= PROBLEM =
Set down, exactly and with no pictures, the line that contains "New Manker E05" and all lines after it in the listing.

= DATA TO USE =
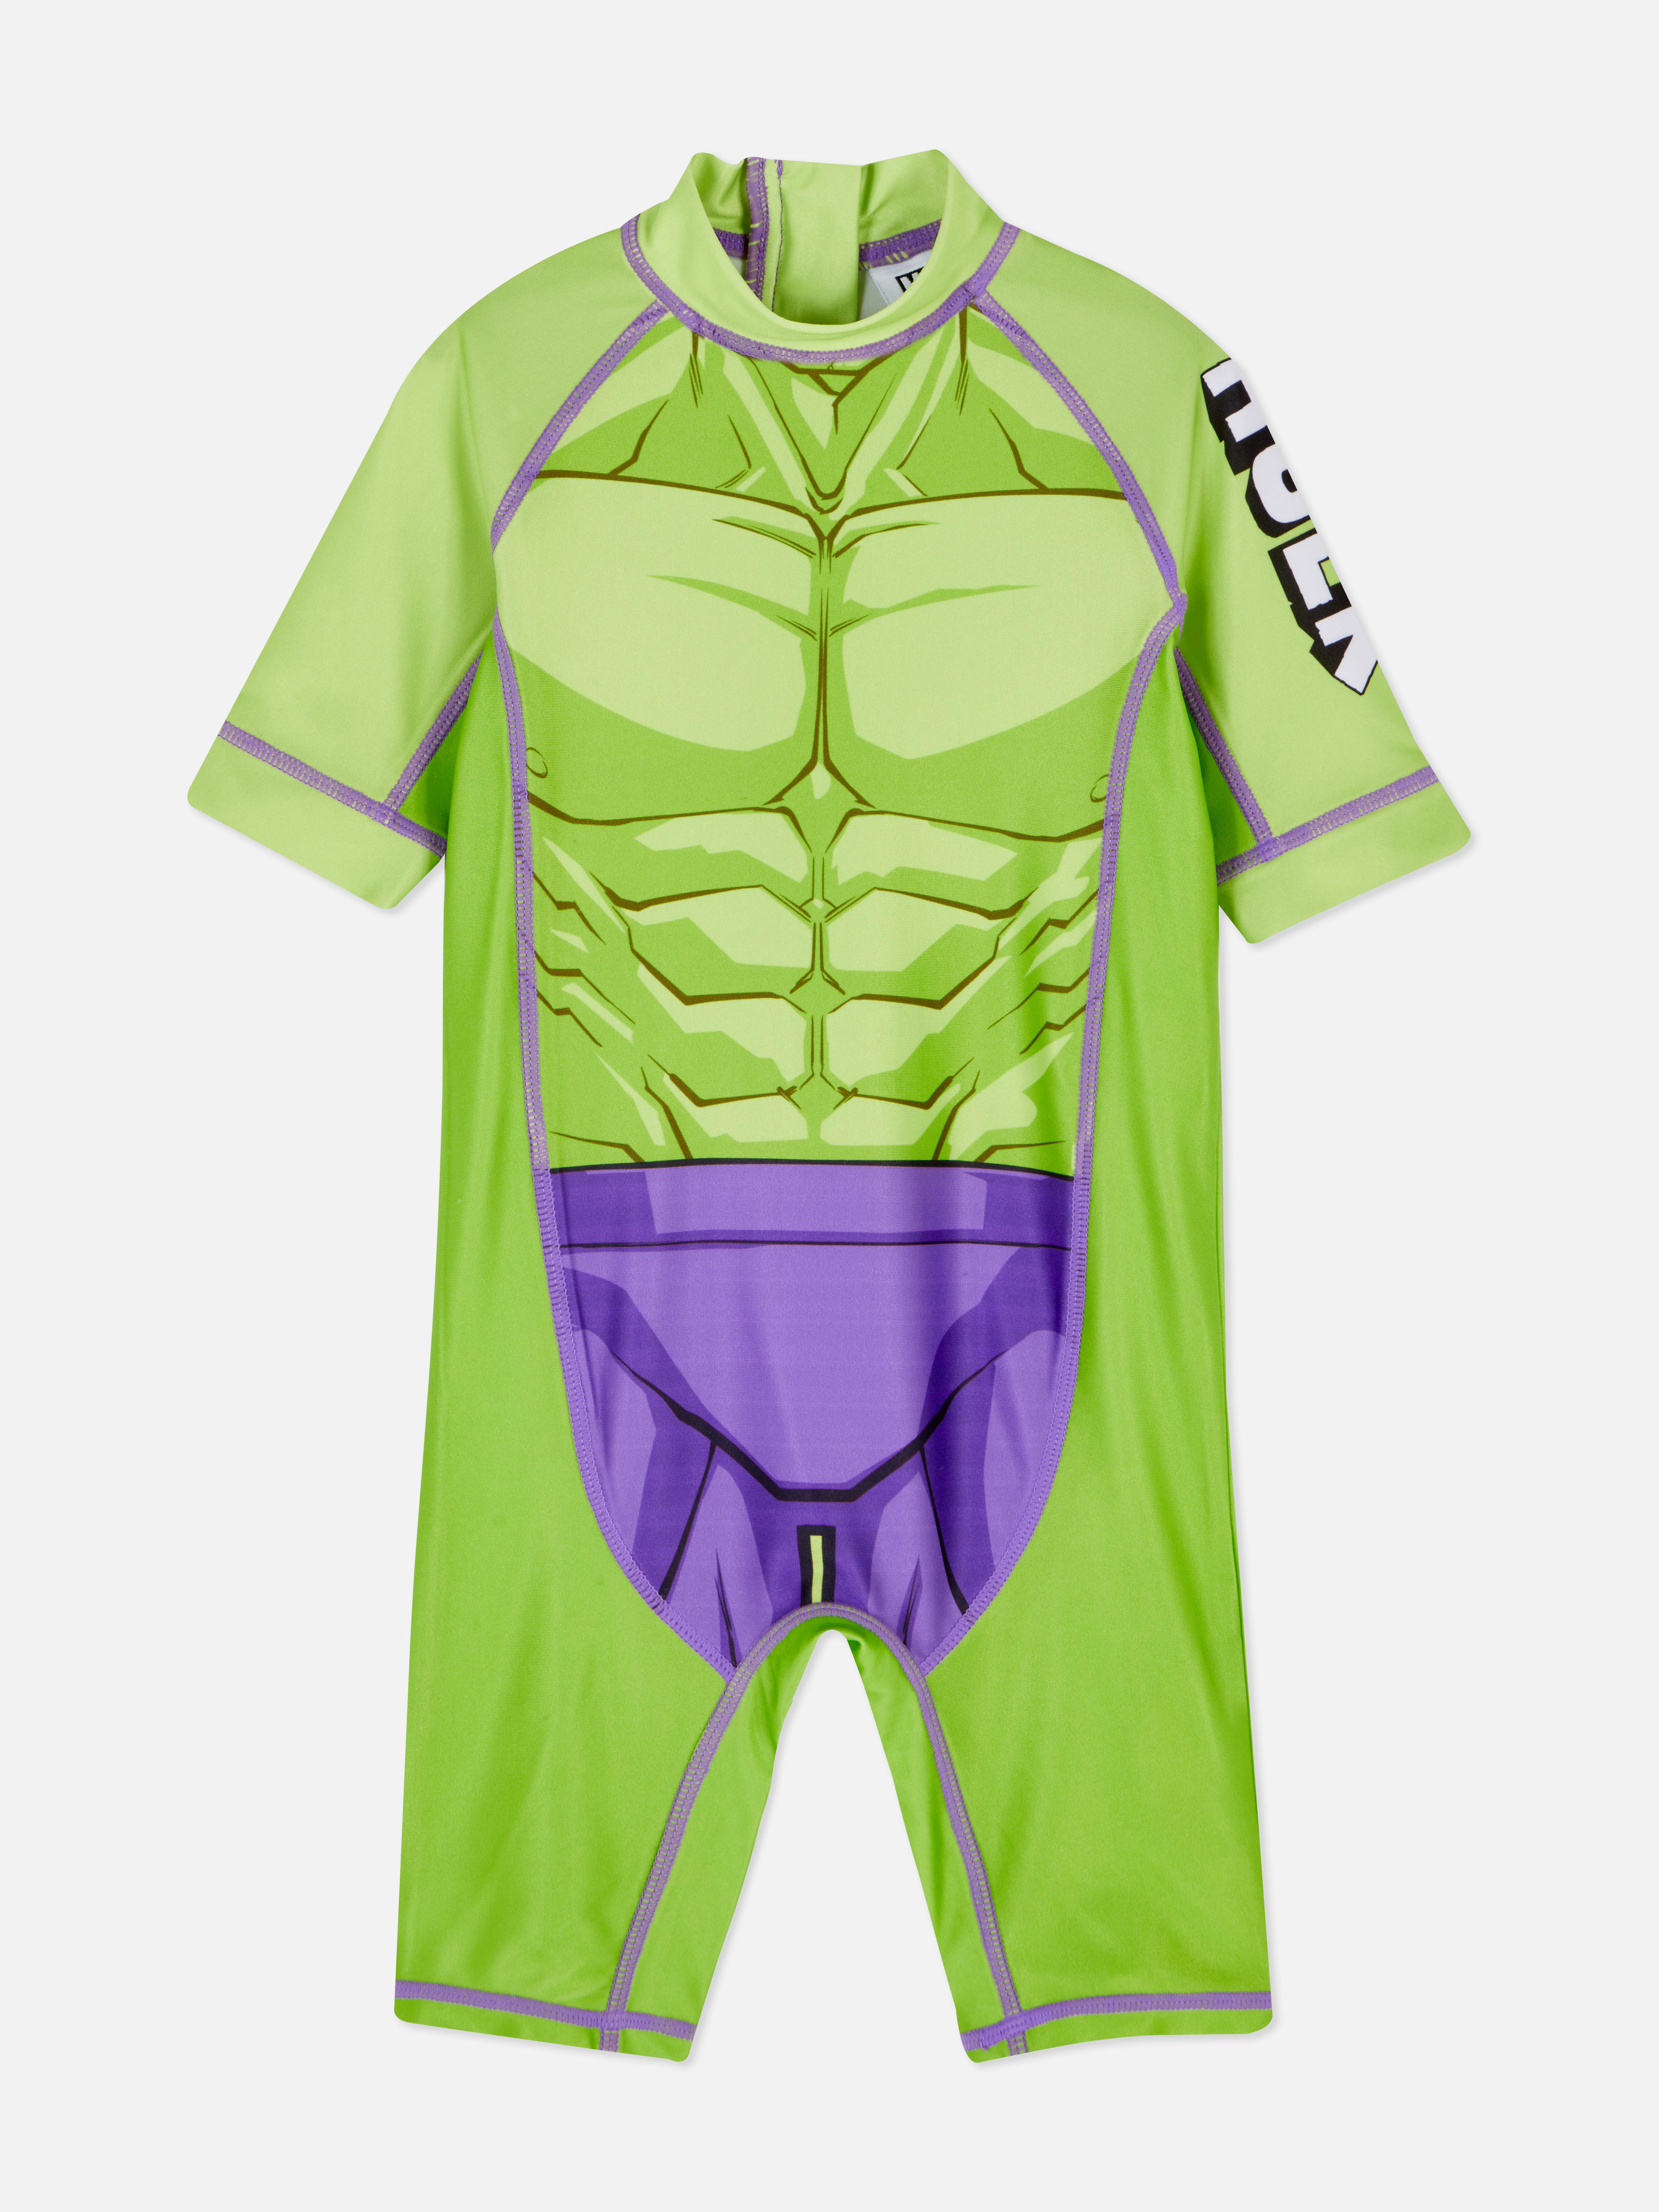 Marvel The Incredible Hulk Half-Zip Wetsuit
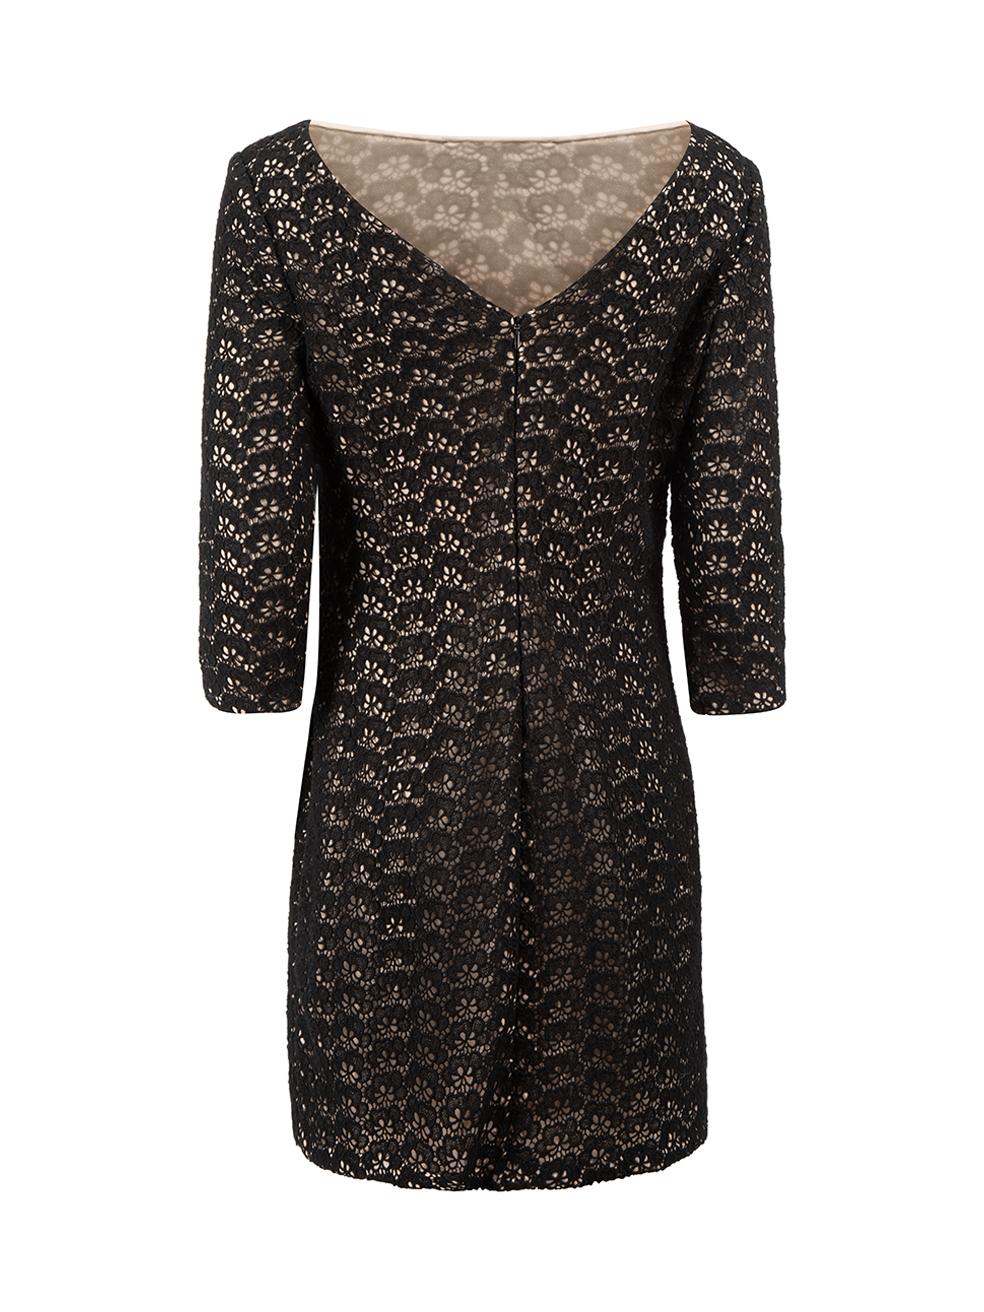 Black Lace Sarita Mini Dress Size XL In New Condition For Sale In London, GB
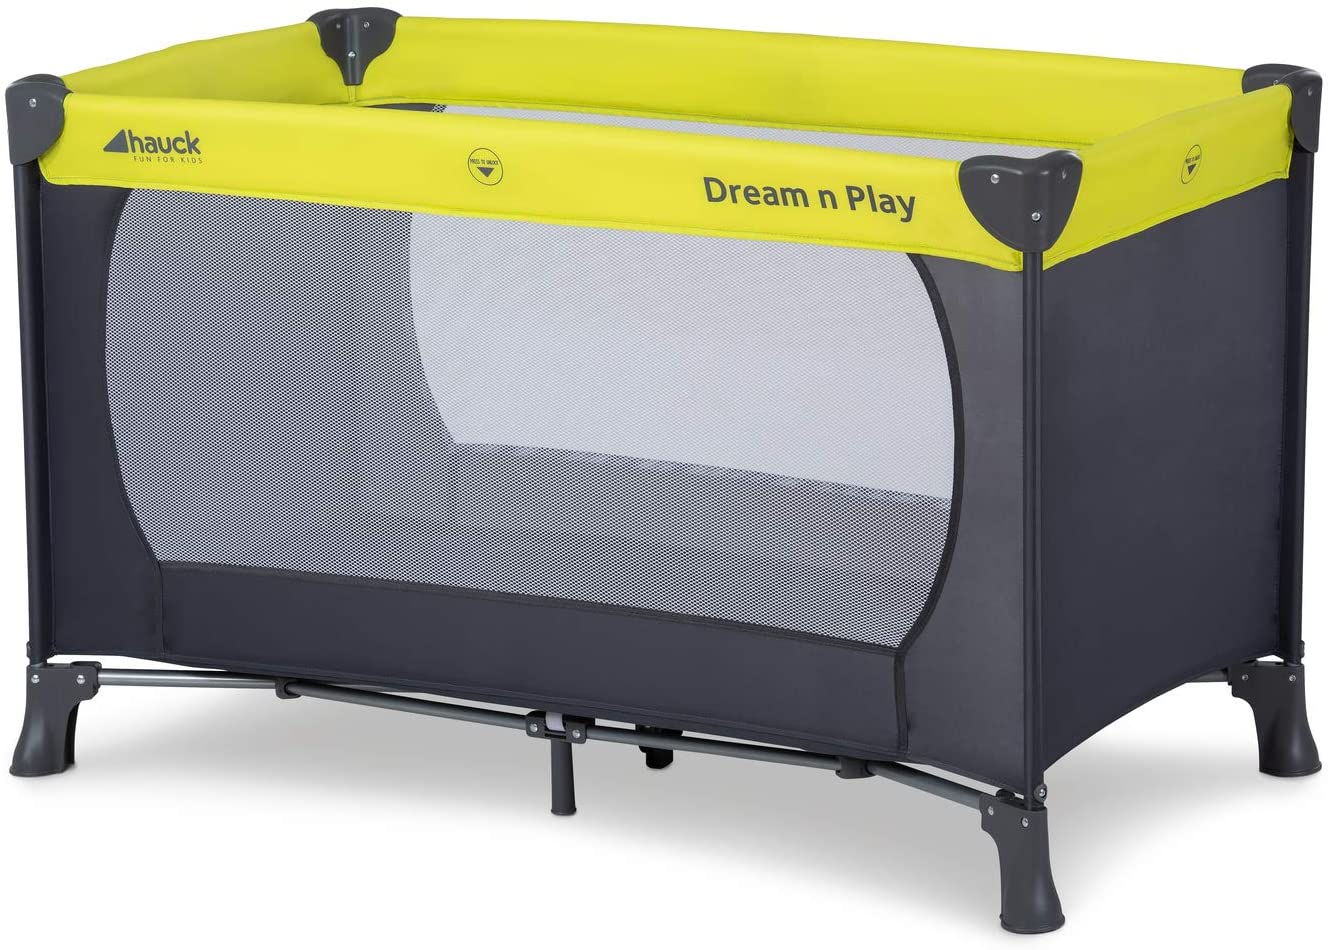 hauck dream n play travel cot mattress size
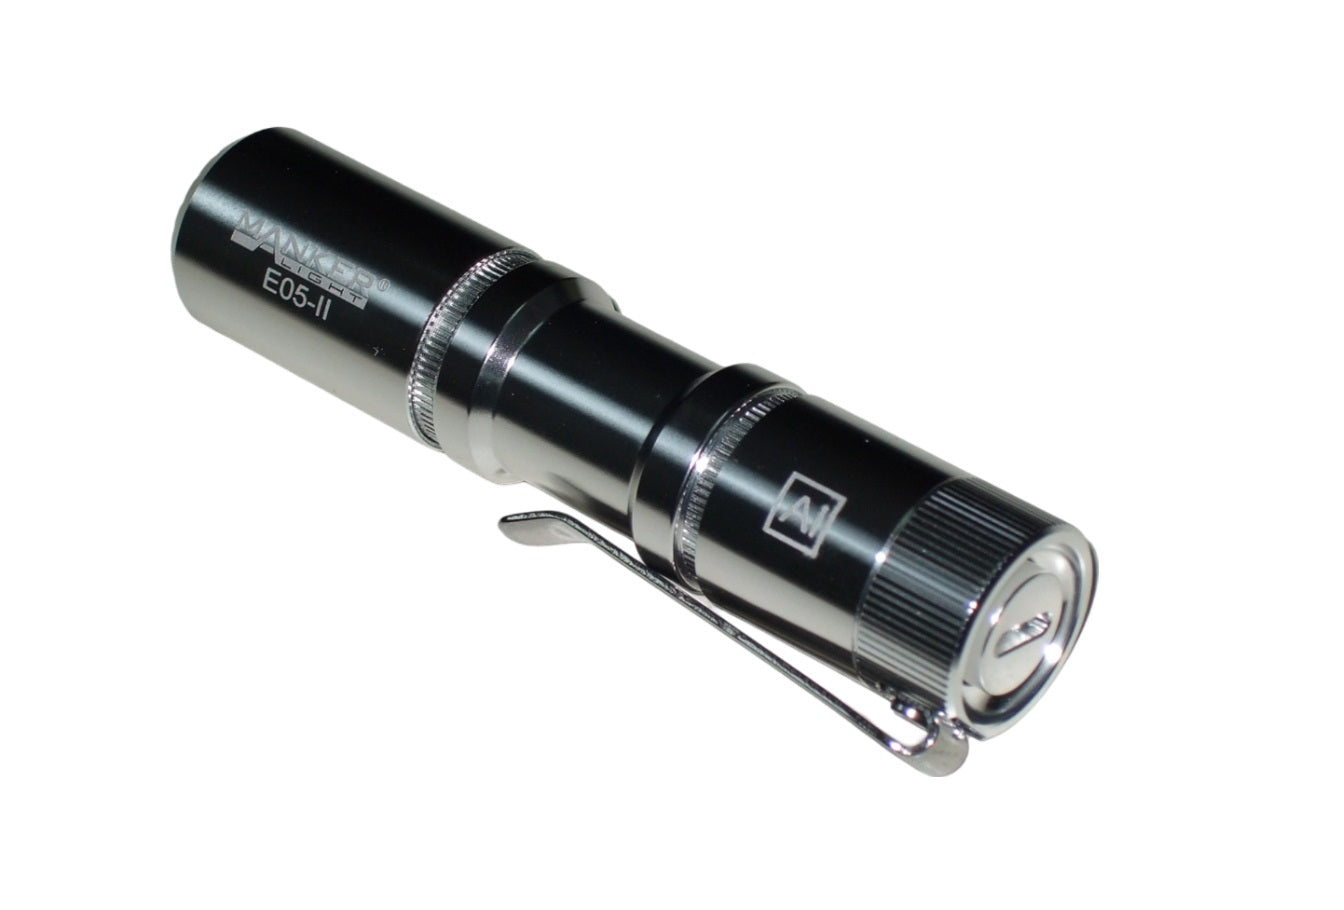 New Manker E05 II AL Silver (CW) 1300 Lumens LED Flashlight Torch (NO Battery)
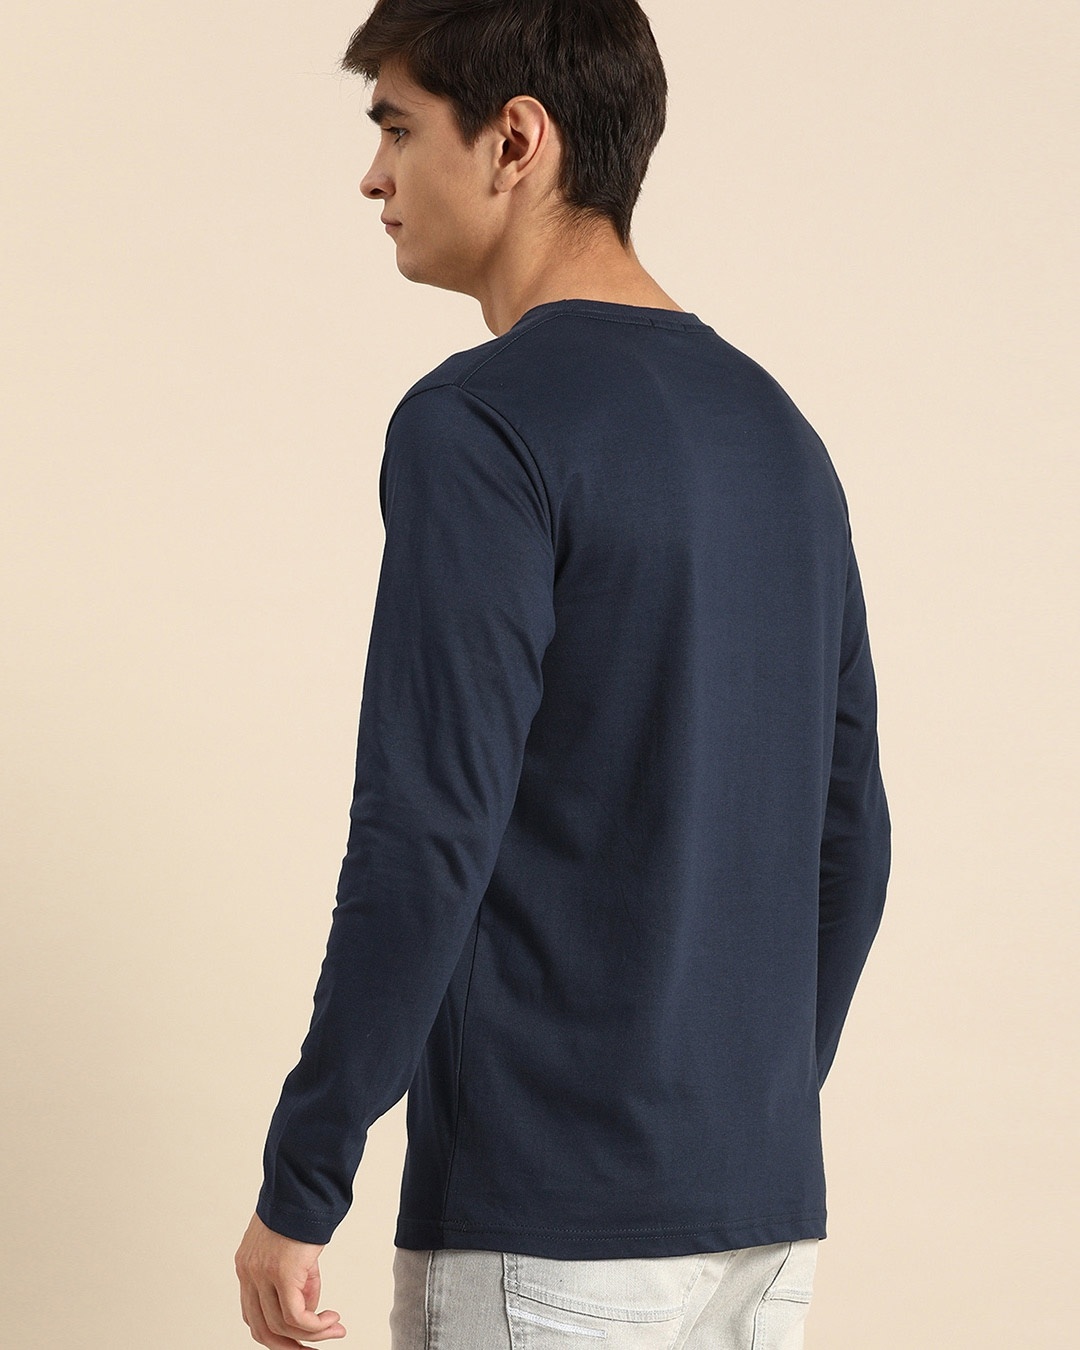 Shop Feel Most Alive Full Sleeve T-Shirt Navy Blue-Design

= TASK OUTPUT =
 New Manker E05 II AL Silver (CW) 1300 Lumens LED Flashlight Torch (NO Battery)
 Shop Feel Most Alive Full Sleeve T-Shirt Navy Blue-Design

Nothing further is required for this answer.